2010 EPRC: A Perilous Sea Voyage

After enduring major losses, ocean freight shippers are finding their sea legs.

Operators of ocean shipping lines endured a seasick-inducing 2009, but recovery has begun to take shape in 2010. That was the message from presenters at a 2010 European Paper Recycling Conference (EPRC) session on freight and logistics.

Michiel Messchert of Danish shipping line Maersk told attendees, “We had days [in 2009] when we lost $9 million per day.

In 2009, said Messchert, Maersk’s volumes declined by 14 percent compared to the year before, a plunge that Messchert called “unknown.” A reluctance by shipping line competitors to lose volume, which led to overcapacity, caused Maersk revenue to decline even more—by 30 percent. Summarized Messchert, “The whole industry lost a whole lot of money.”

“We think the worst is over for shipping,” Messchert continued, who added that rates bottomed out in mid-2009.

After the plunge of 2009, Maersk is predicting that shipping volumes will begin to rebuild on a 3.2 percent annual average between 2010 and 2015.
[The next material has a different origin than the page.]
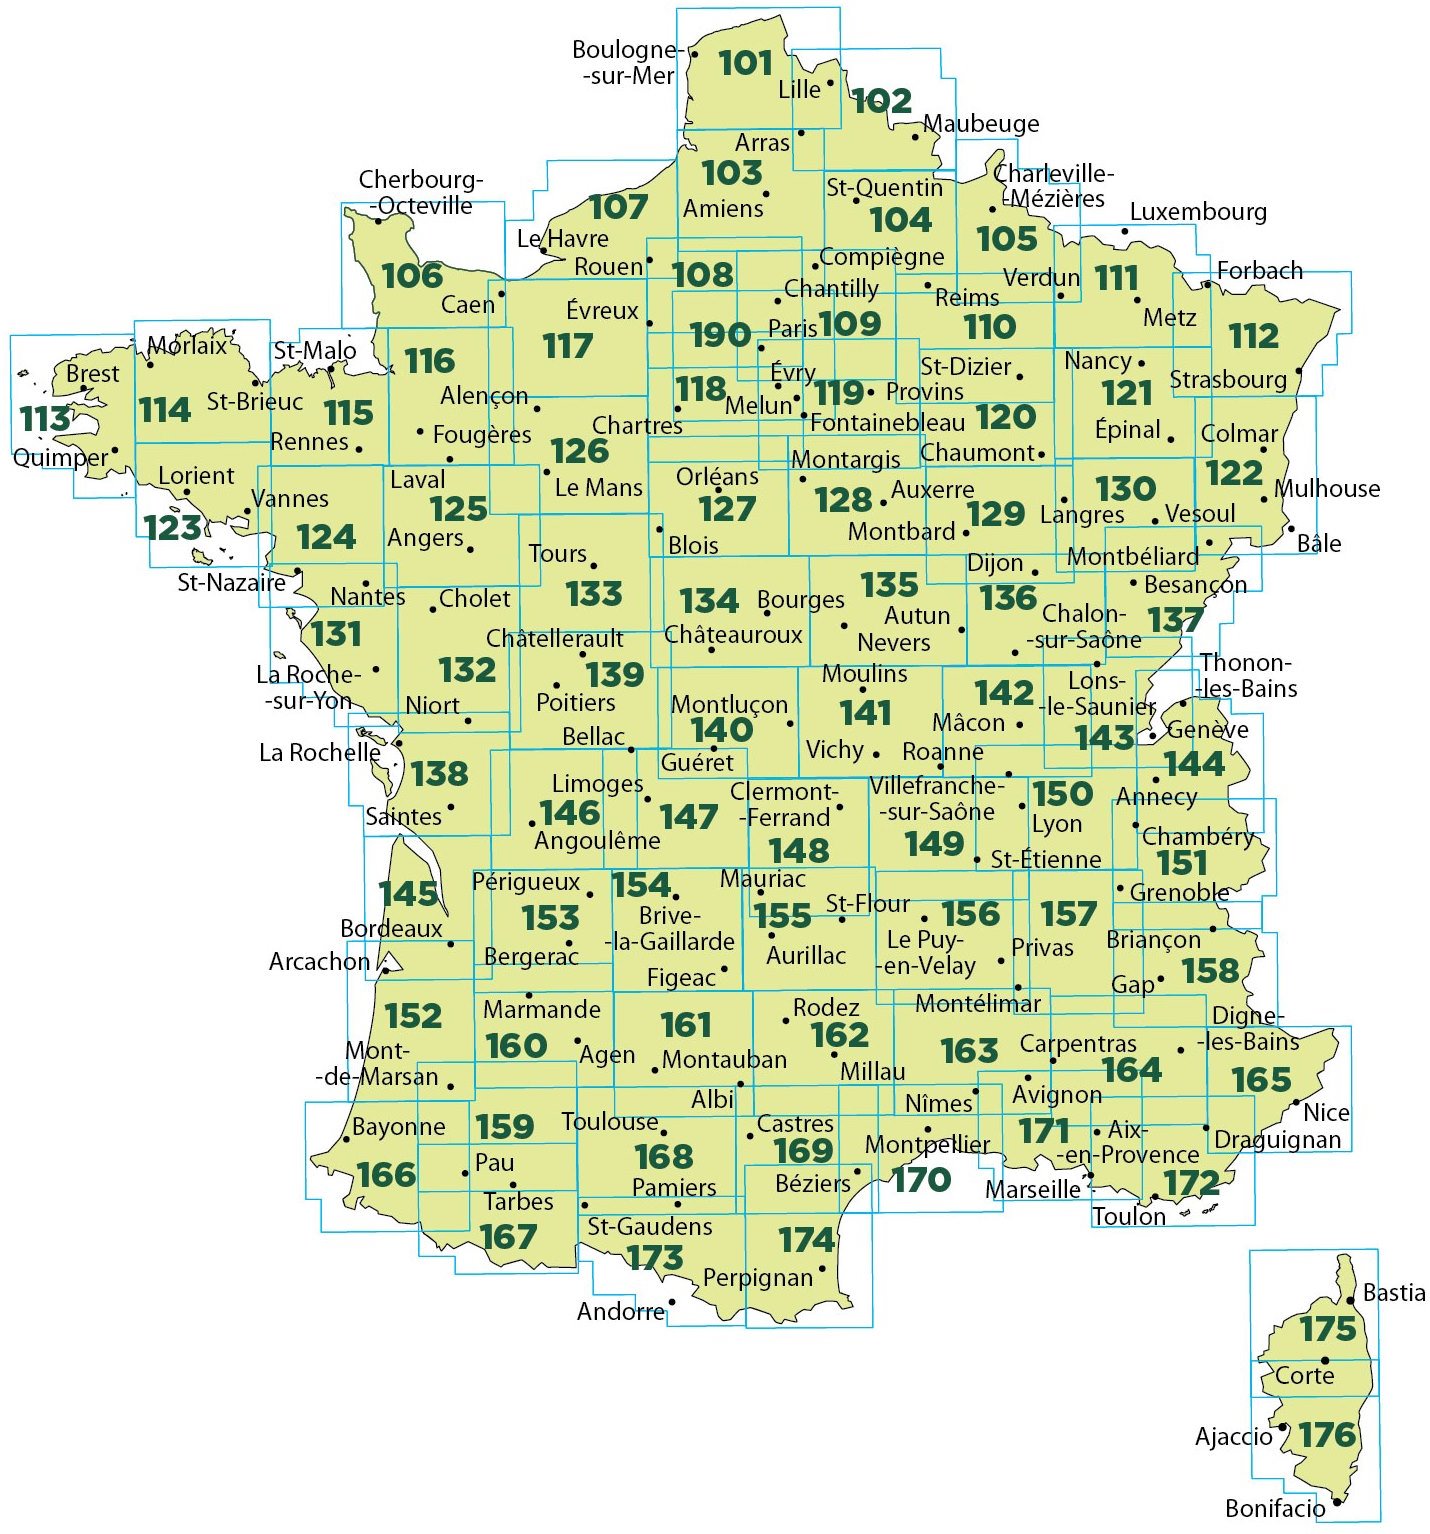 Overzicht IGN wegenkaarten Frankrijk 1:100.000

Other trends spurred by the difficult market of 2009 included cancellations or delays on new vessel orders and the introduction of “super-slow steaming” schedules that add extra days to a ship’s voyage, but that allow shipping lines to burn less fuel and leave a smaller carbon footprint.

Presenter Hans Muelenberg of global freight and warehousing firm Kuehne + Nagel, Hamburg, Germany, also referred to slow steaming in his comments to attendees. A potential shortcoming in the technique, said Muelenberg, is that it takes containers out of circulation for a longer period of time, with the potential to lead to periodic shortages.

Another trend that has been developing in 2010, said Muelenberg, is a greater amount of container shipping from Europe to Latin America. Volumes on that route have risen by 47 percent in the first quarter of 2010 and by 56 percent in the second quarter of the year, he said.

Muelenberg said some new vessel orders are back in production, but that the 1.5 million TEUs (twenty-foot equivalent units) coming online in 2010 may be only half of what is required.

Overall, said Muelenberg, “Carriers are making money again, so they can provide the services that you and I require.”

The 2010 European Paper Recycling Conference was Nov. 3-4 at the Sheraton Congress Hotel in Frankfurt, Germany.